SUPPLIED INFORMATION
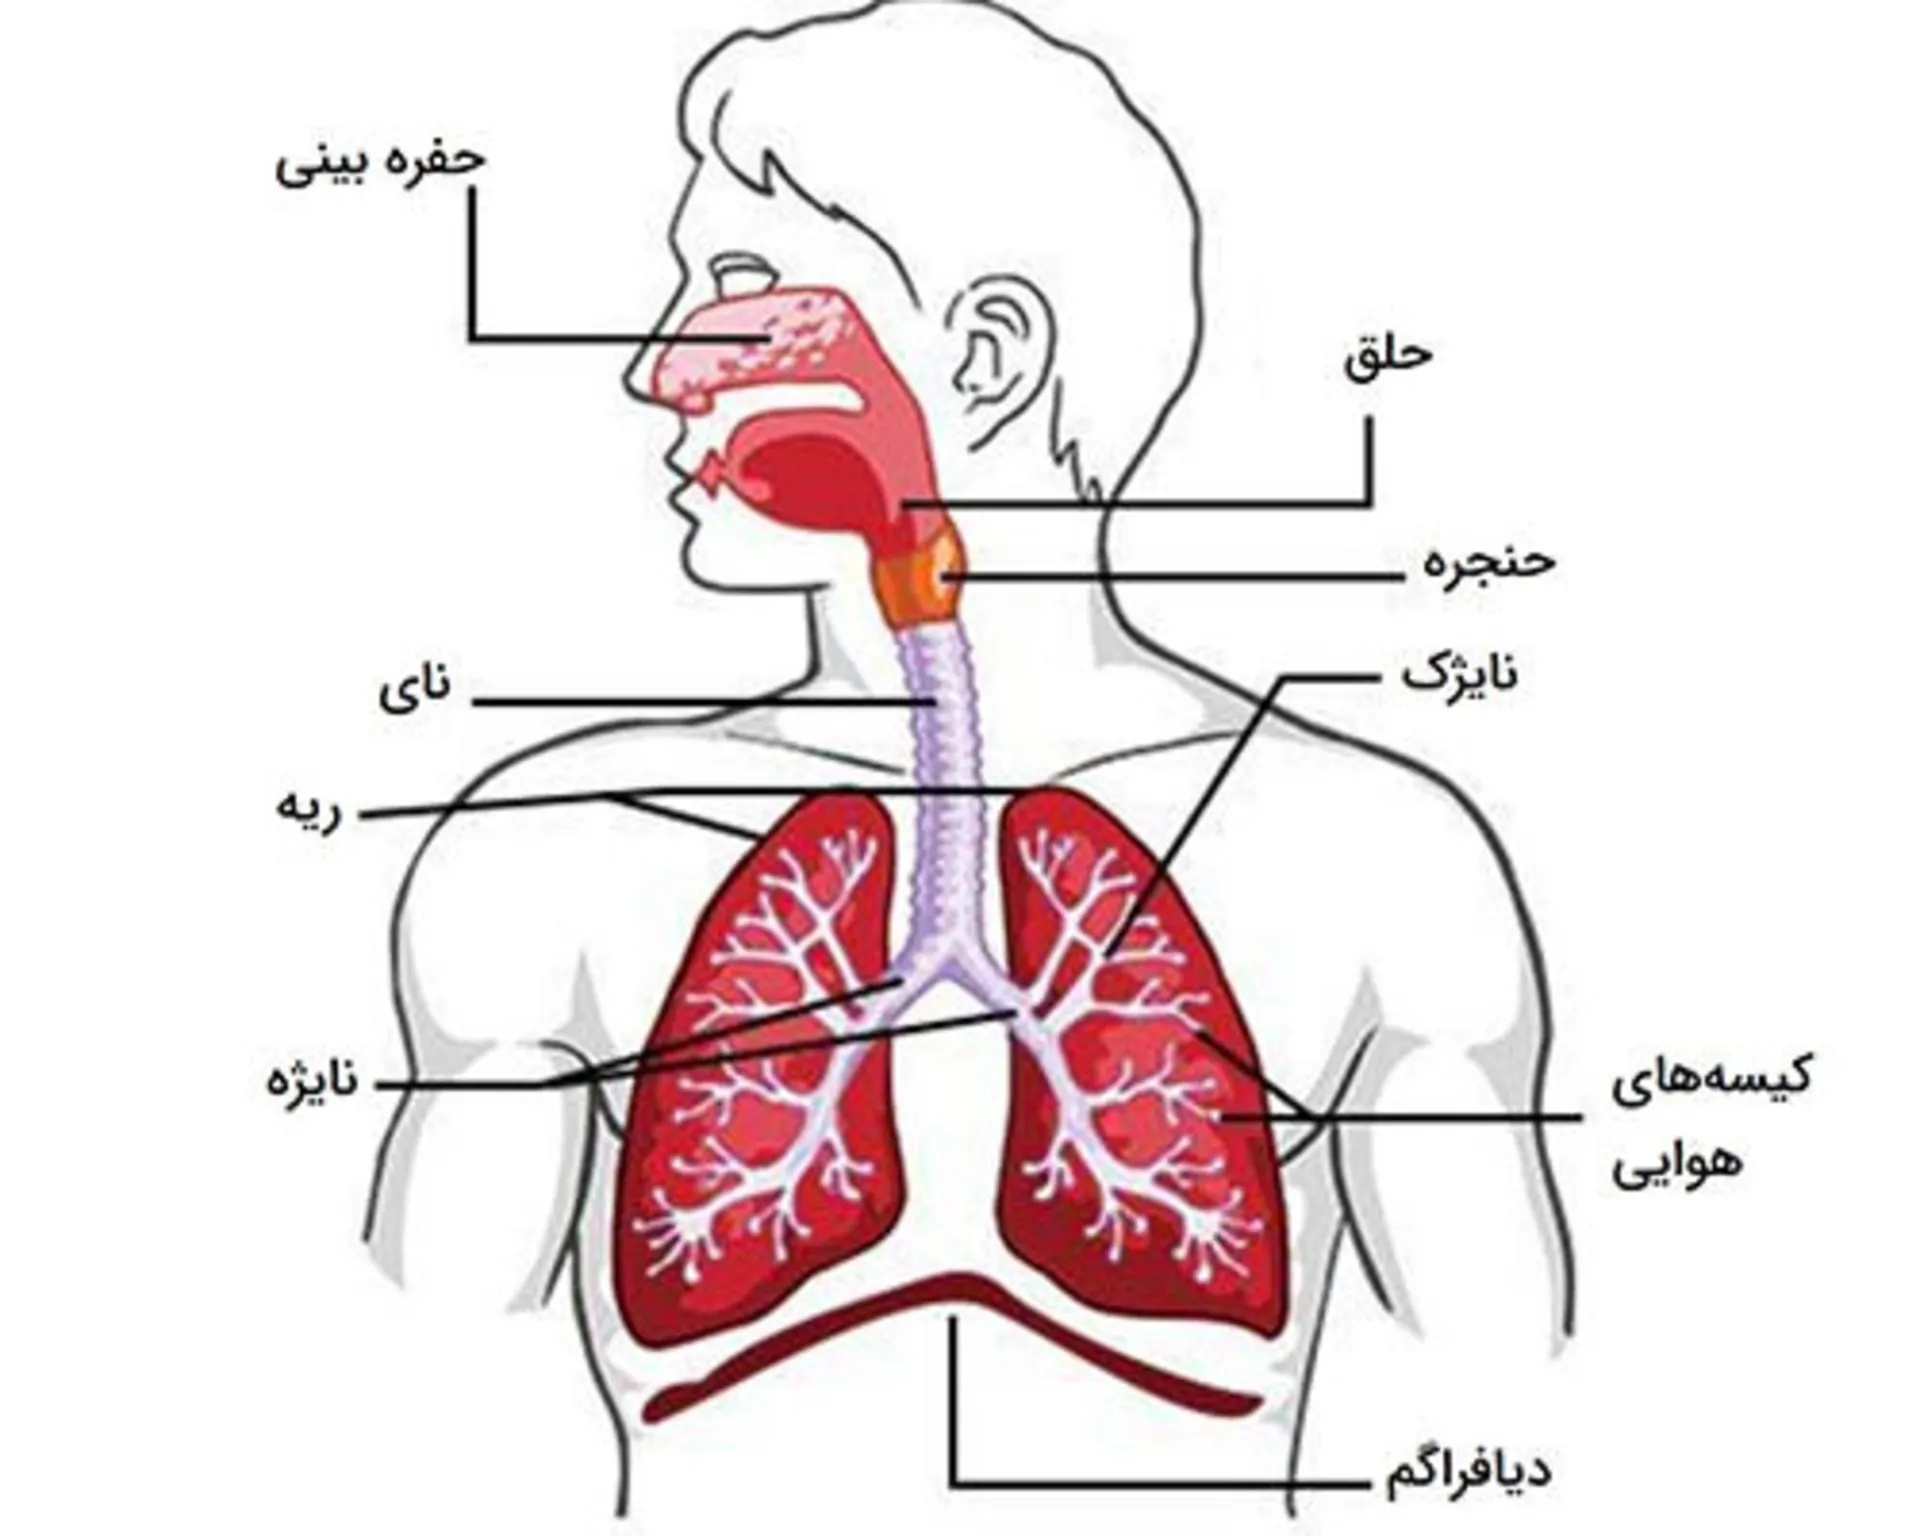 اجزای سیستم تنفسی انسان
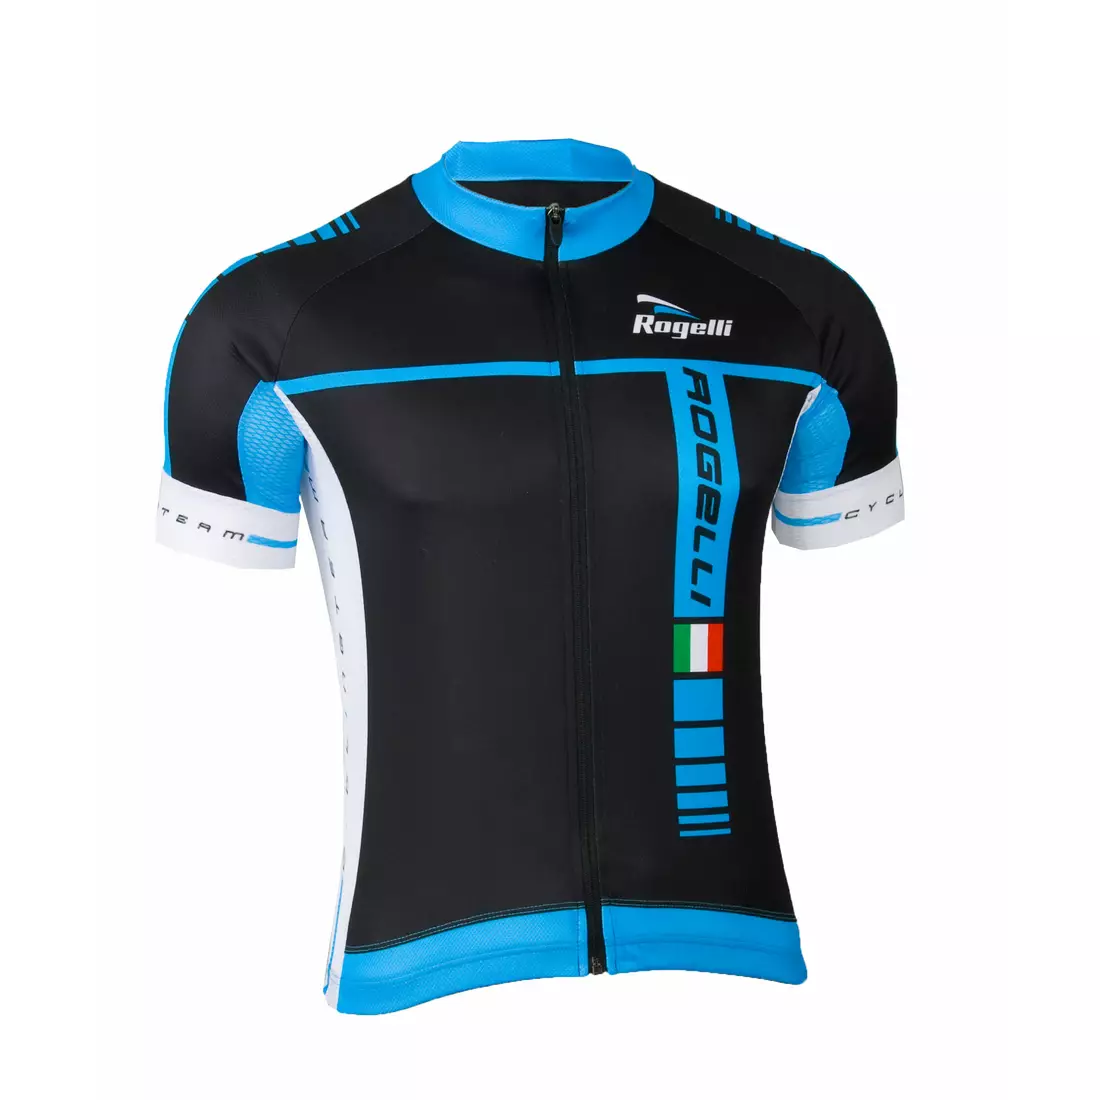 Pánsky cyklistický dres ROGELLI UMBRIA, 001.229, čierno-modrý
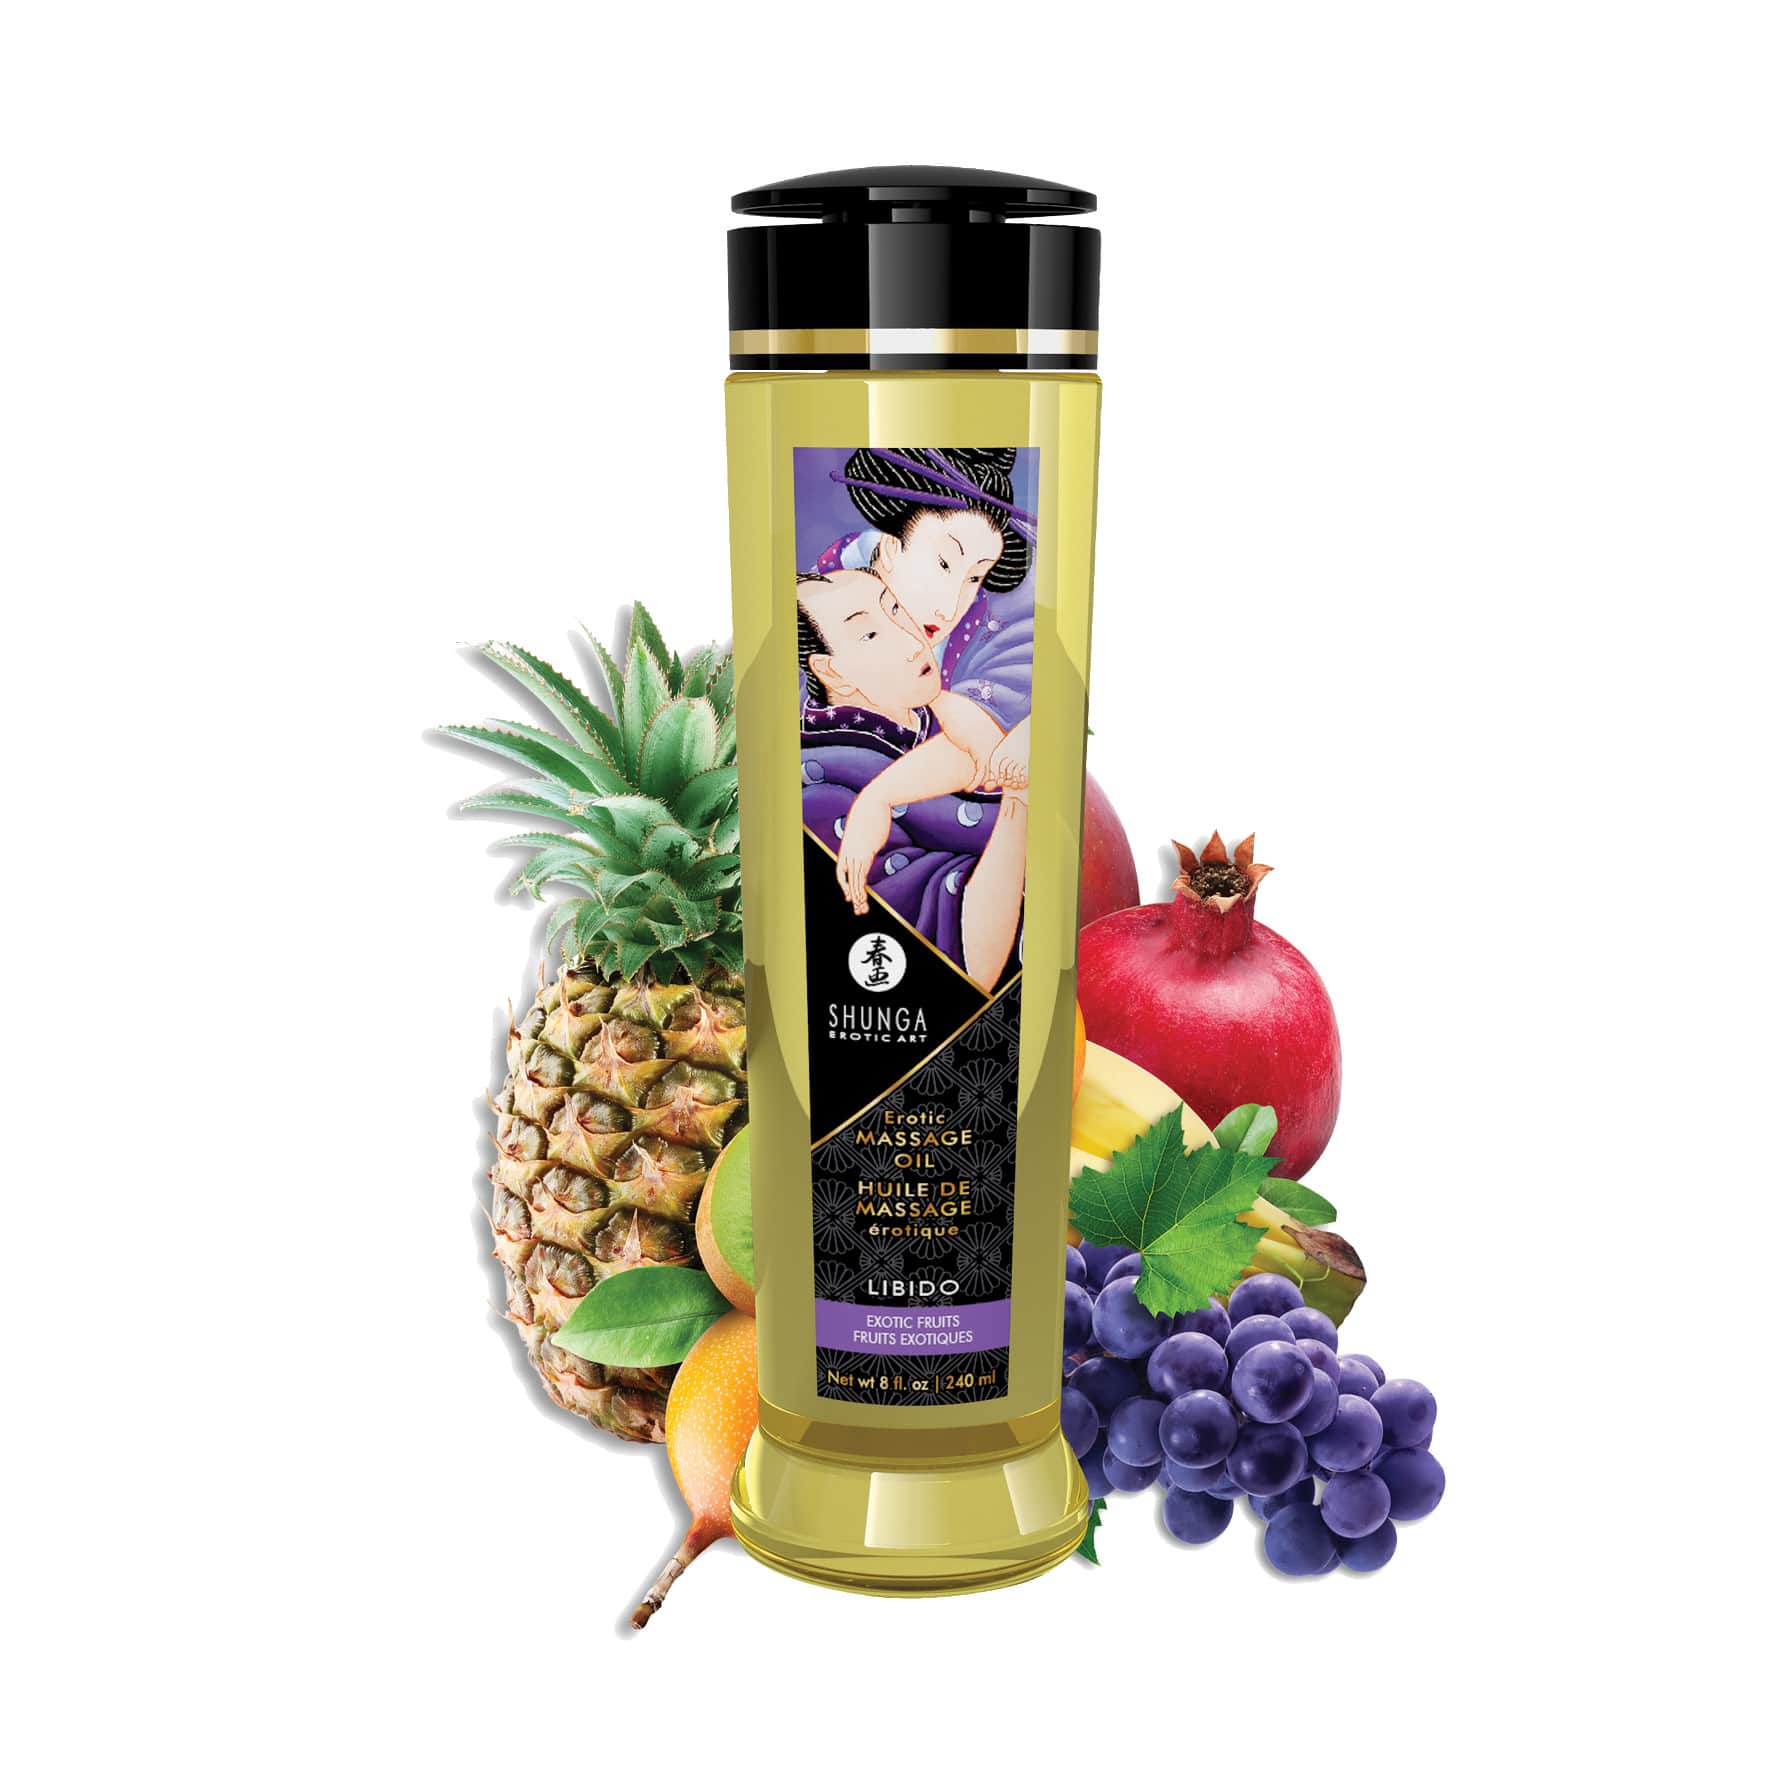 Shunga масло массажное для тела с ароматом Экзотических фруктов, 240 мл.

YOUR TASK
From the line that holds "Pánsky cyklistický dres" to the last line of the data, return those lines exactly and nothing else; both ends count, and pictures stay out.

REPLY
 Pánsky cyklistický dres ROGELLI UMBRIA, 001.229, čierno-modrý
 Shunga масло массажное для тела с ароматом Экзотических фруктов, 240 мл.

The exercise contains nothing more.